My town is a very nice little town with 12,000 inhabitants, and we have a gymnastic institute, which is frequented by people from England, New Zealand, India a.s.o.

Some days ago came three young Indians, one lady and two gentlemen.

Every year many foreign people come to Silkeborg to see the beautiful neighbourhood with the woods and the … lakes.

I am sure you would be glad of visiting Silkeborg!

I wish you many, many happy returns of this day!

Yours truly Danish friend

Tage Bundgaard

Silkeborg, Denmark

Europe

Source: SN15184

Letter from Dr. Prof. Christiansen, April 19, 1933

Maderno, Italy

April 19, 1933

Dear Sir,

I am one of your admirers and have written a book about diet, which will come out also in English this year. I know you are interested in hygiene of living and that you are developing great mental … on a very restricted diet. I would be very grateful if you would let your secretary tell me the exact measure of your … every day, how much milk, nuts etc. to use for my book, which I shall have the pleasure of sending you, when it is finished.

Yours sincerely admirer

Joh. Christiansen

P.S. Also your exact age and weight are of great interest for me to know.

Source: SN19028

Letter from Bertil Hult, September 6, 1928

Stockholm,

September 6, 1928

Dear Sir,

Writing you for the first time, I have to introduce myself as being Mr. Bertil Hult of Stockholm, Sweden. I have just written my second book on my round trip around the world. This text book is a story of India and I have titled it – “To the Land of the Lotus Flower.” As I have described much about Swaraj and Swadeshi – castes and Hinduism, I also had something to say about you. I was travelling in India more than ten months all over the country in many Provinces and States. As a fact I was the first man [to] make the trip around the world on bicycle. When you think of that you will imagine how I was treated in India. A white man on bicycle is not worth much to the other whites in India. I am a student of geography and history in Stockholm, newspaperman at present. I would like a picture of you Mr. Gandhi – or some American photos if you could lend me some. I would use them for my book. I am not at all a politician although I have got my views. I don’t like the British and their rule in India because I learned to love the real Indian people – the jungle people – the Sudras and all. For me there is no Brahmans, no Kshatriyas, no Vaisyas or Sudras.4 To me they were all men created by the world creator. I never think he meant some people to enslave others. I would like to write to you a great deal, but in fact I am afraid you are too occupied to read it. I will send you my books when they are ready. That will be about the 15th of October. My address at present is Bertil Hult c/o Bonniers, Stockholm, Sweden.

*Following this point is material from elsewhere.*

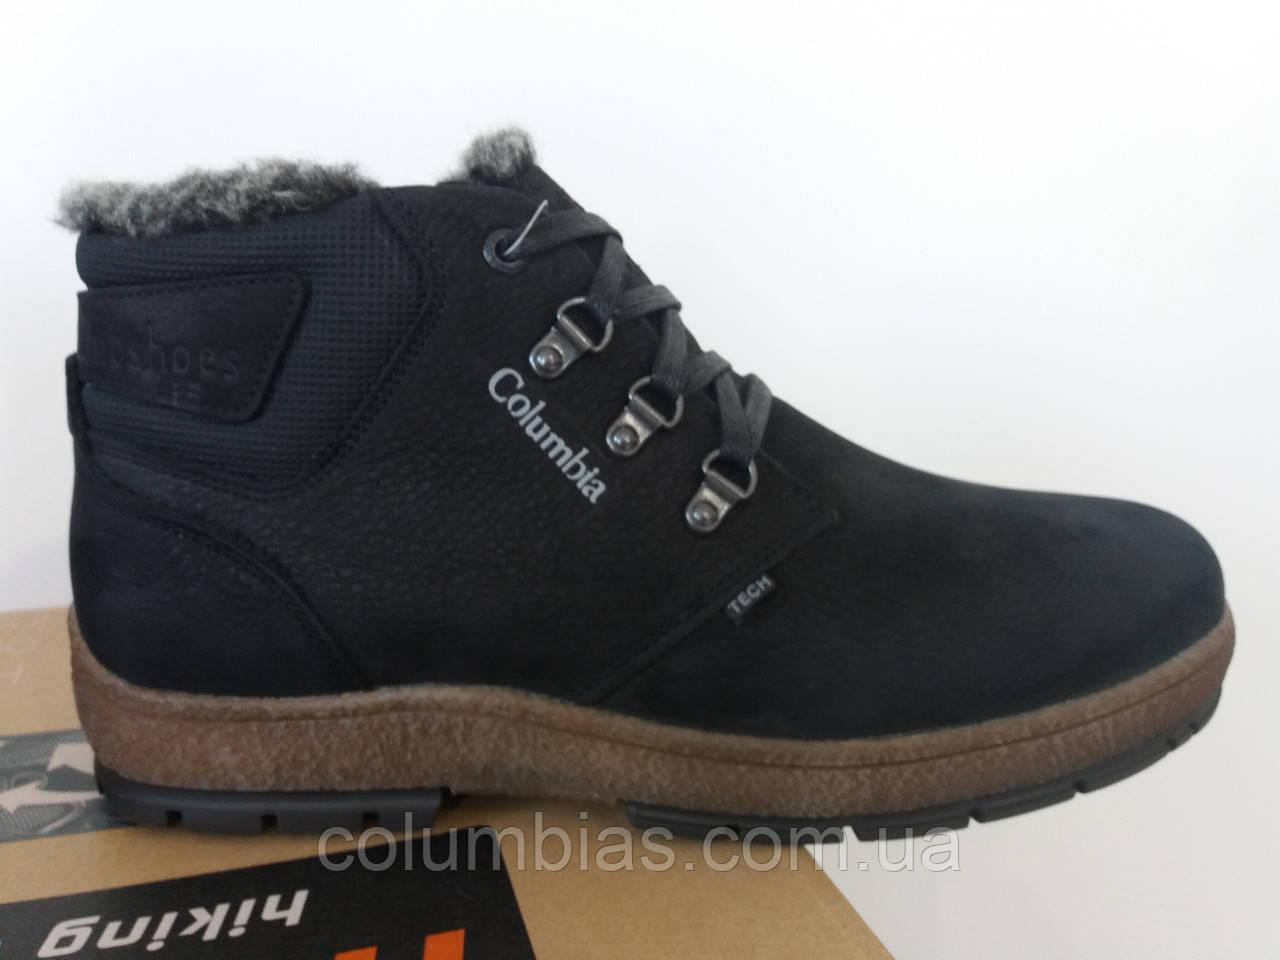 Ботинки Columbiaа кожаные

Awaiting your favour, I remain, Dear Sir,

Ever your affectionate friend of India

Bertil Hult

Source: SN14326

Letter from Fritz Kajpe (?), September 15, 1931

Copenhagen, Denmark

September 15, 1931

Mahatma Gandhi!

That not for many disappointments over the people in the West shall be add to you, I ventured to write and tell, that the humans who possess a really science of the spirit world and therefore been above the gravity of earth, all understand the standpoint of Mahatma Gandhi that you will emancipate India and that India will emancipate oneself from the materialism of Occident.

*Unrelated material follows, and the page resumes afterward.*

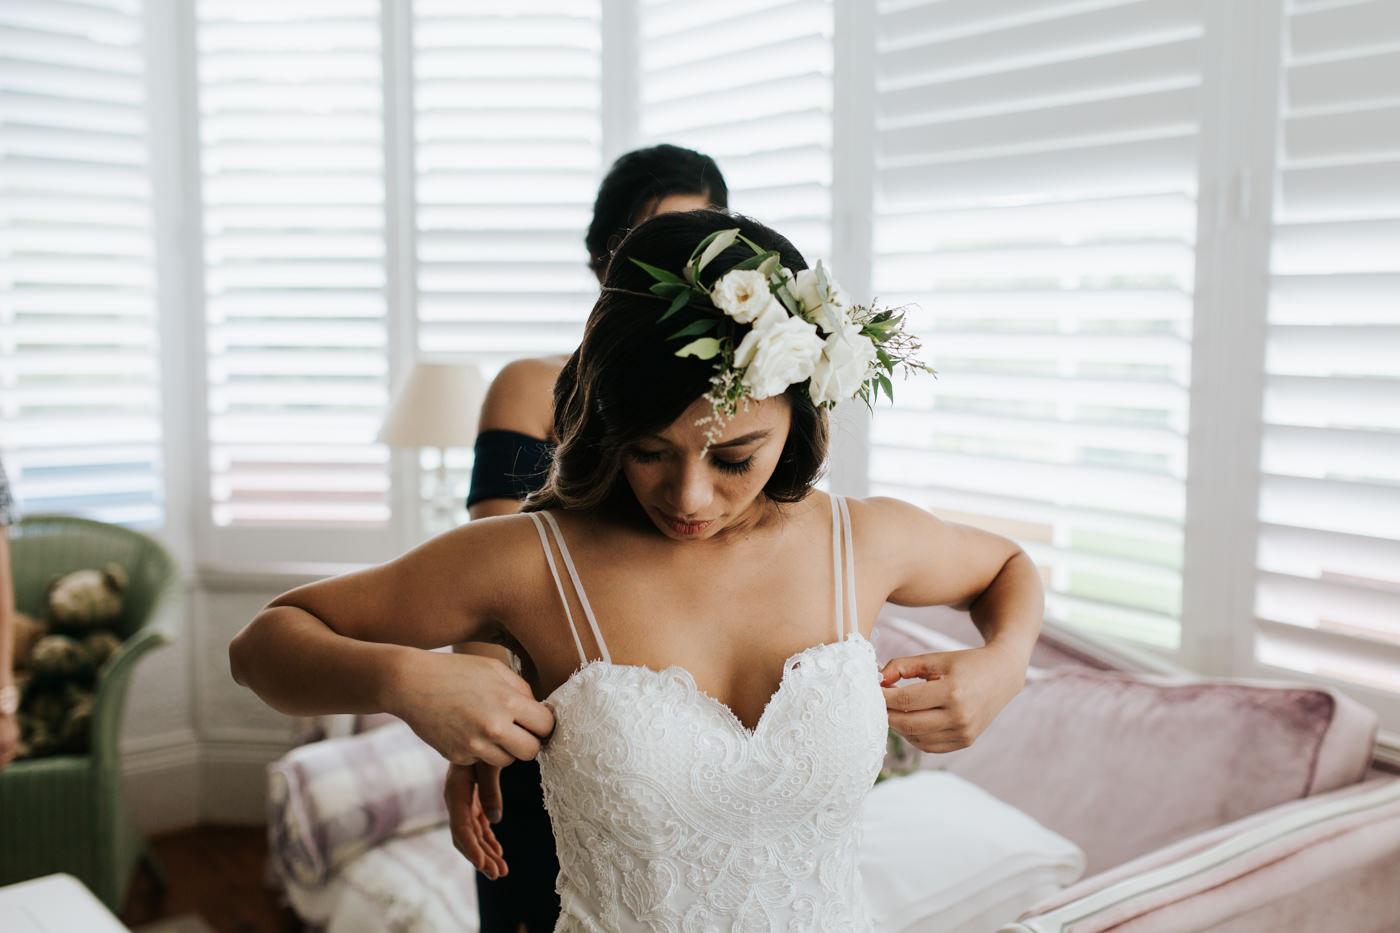 Nick & Vanezza - Fernbank Farm Wedding - Samantha Heather Photography-30.jpg

Our teacher in the West, Rudolf Steiner, have learned us of the mission of Orient and Occident in the world-evolution, and that the two current not may be mixed, we understand.

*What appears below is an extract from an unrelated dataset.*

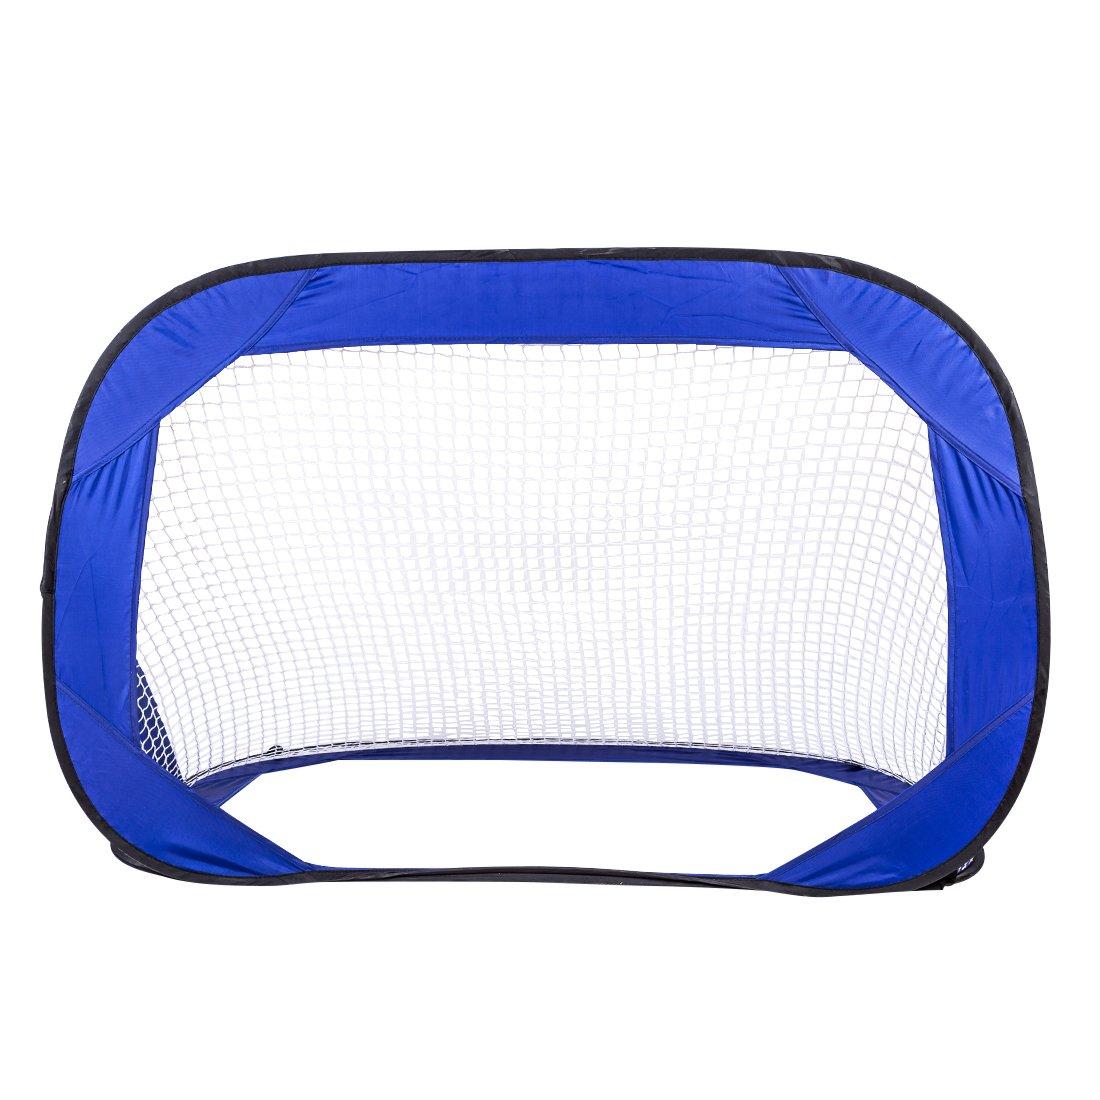 RuiyiF Kids Soccer Goal Net for Backyard Pop Up Portable Toddler Soccer Goal Toy Foldable Indoor Outdoor Toys (Blue)

Therefore we who see the holy mission of Mahatma Gandhi and espouse it, done ours, that the good powers may conquer in this struggle.

In deep respect

Fritz Kajpe (?)

Address: Svanholmesvej 6 a

Copenhagen

Source: SN17733

Notes

1 Gandhi was unwell at the end of March 1927. He went to Nandidoorg, near Bangalore, on 20 April and rested there for a month and a half.

2 Presumably Mahadev Desai, secretary to Gandhi

3 In an article entitled “My Apologies” (Young India, January 31, 1929), Gandhi explained why he had decided to postpone a European tour he had intended in 1929, and wrote: “For the time being therefore the friends in the West would pardon me for my inability to visit them personally… Meanwhile let these columns be a living bond between them and me.”

4 The reference is to the four castes among Hindus.